In order to perform cluster analysis, k-means method is applied. Since the solution of k-means clustering is not always optimal and depends on the initialization of cluster means, assignments of datapoints are performed ten times based on randomly chosen initializations from which the best one is chosen.
At first, the optimal number of clusters is determined. This is done by computing clustering solutions for 1 to 15 clusters and comparing the results based on inertia and silhouette scores. Inertia is a commonly used metric measuring the heterogeneity inside of clusters. The silhouette score is a measure taking the heterogeneity inside and between clusters into account (see further readings). After determining an adequate number of clusters, the final cluster assignment is calculated and described.
In [17]:
# Check the scores for different number of clusters to find the optimal number
silhouette_scores = []
inertias = []
for i in range(2, 16):
cluster_model = KMeans(n_clusters=i, random_state=42, n_init=10)
cluster = cluster_model.fit_predict(running_pcs[['PC_1', 'PC_2']])
silhouette_scores.append(silhouette_score(running_pcs[['PC_1', 'PC_2']], cluster))

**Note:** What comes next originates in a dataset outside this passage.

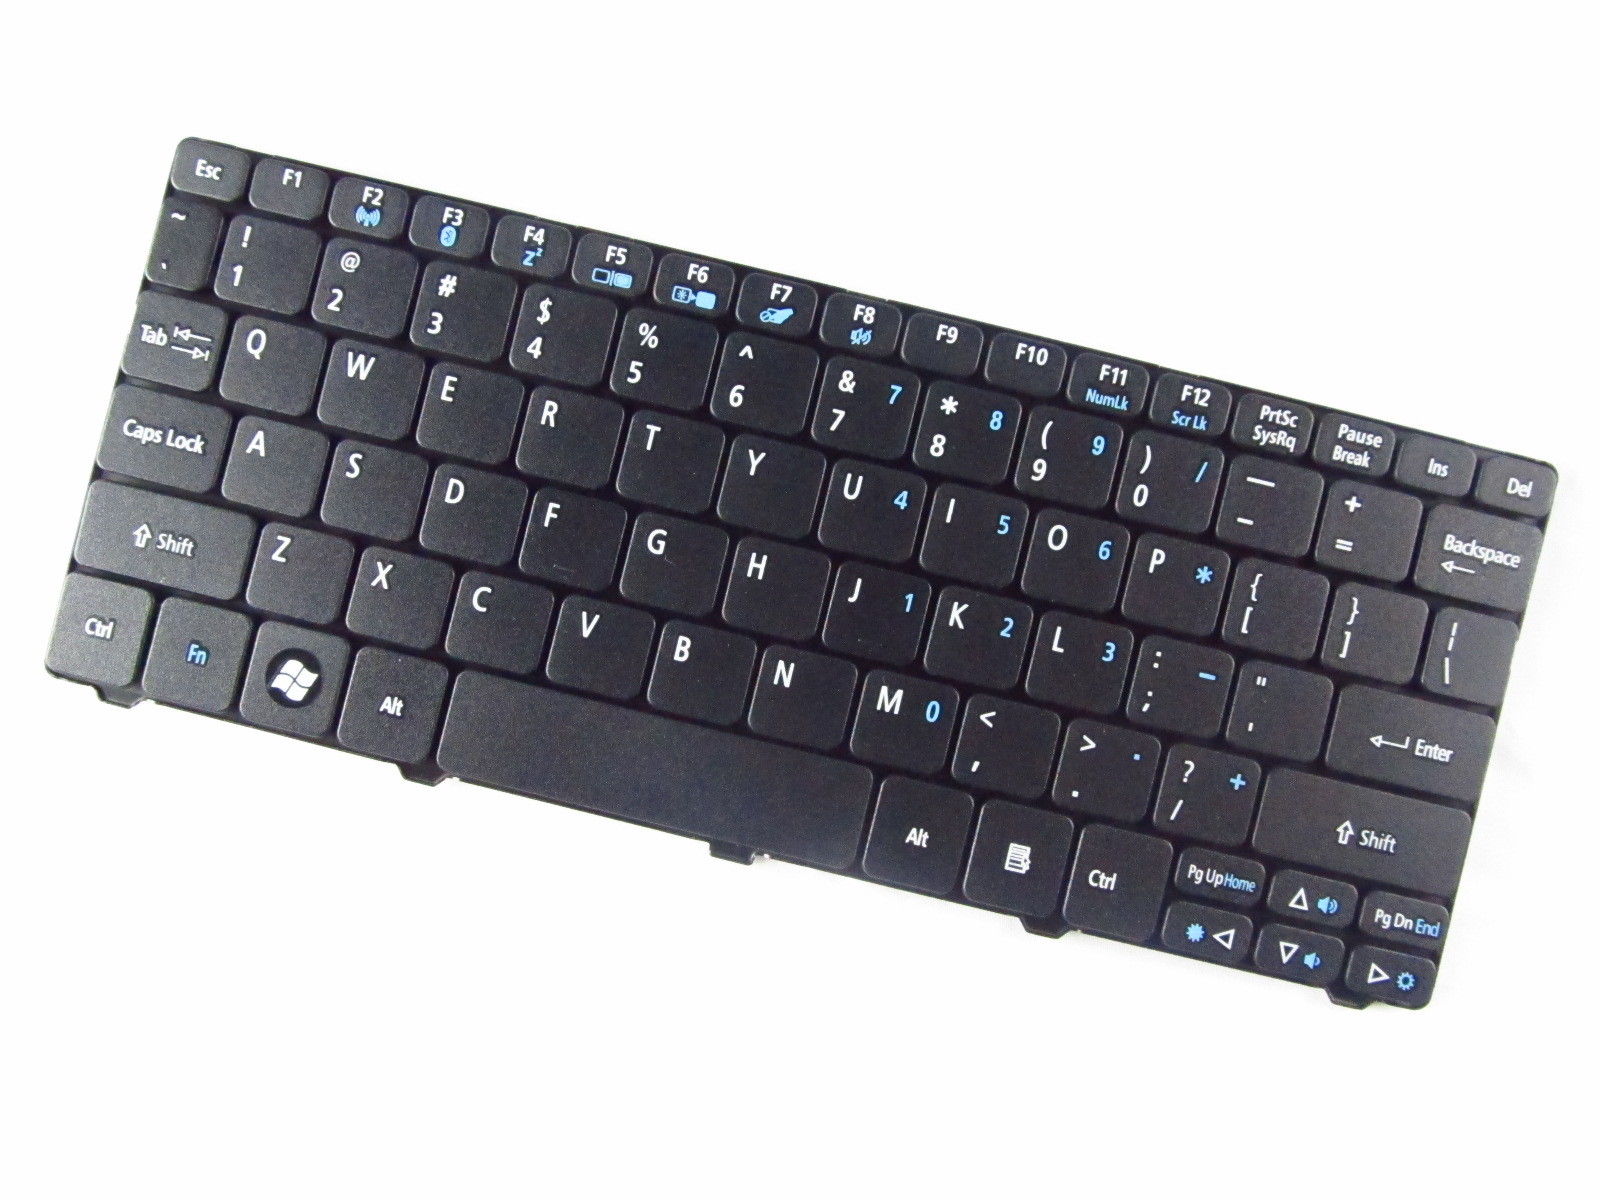 Samsung Laptop Keyboard Repair/replacement in chennai

inertias.append(cluster_model.inertia_)
scores = pd.DataFrame({'Silhouette Score': silhouette_scores, 'Inertia': inertias},
index=range(2, 16))
fig, axs = plt.subplots(1, 2, figsize=(16, 4), tight_layout=True)
fig.suptitle('Silhouette Score and Inertia for different number of clusters', fontsize=16)
sns.barplot(data=scores, x=scores.index, y='Silhouette Score', ax=axs[0], color='lightblue')
sns.lineplot(data=scores, x=scores.index, y='Inertia', ax=axs[1])
axs[0].set(title='', xlabel='Number of Clusters', ylabel='Silhouette Score')
axs[1].set(title='', xlabel='Number of Clusters', ylabel='Inertia')
fig.show()
Inertia and silhouette scores indicate that a 5-cluster-solution would ensure low heterogeneity inside and high heterogeneity between clusters so that the final assignment is performed with five clusters.
In [18]:
# Apply KMeans to the PCs with 5 clusters
cluster_model = KMeans(n_clusters=5, random_state=42, n_init=10)
cluster = cluster_model.fit_predict(running_pcs[['PC_1', 'PC_2']])
fig, ax = plt.subplots(figsize=(8, 6), tight_layout=True)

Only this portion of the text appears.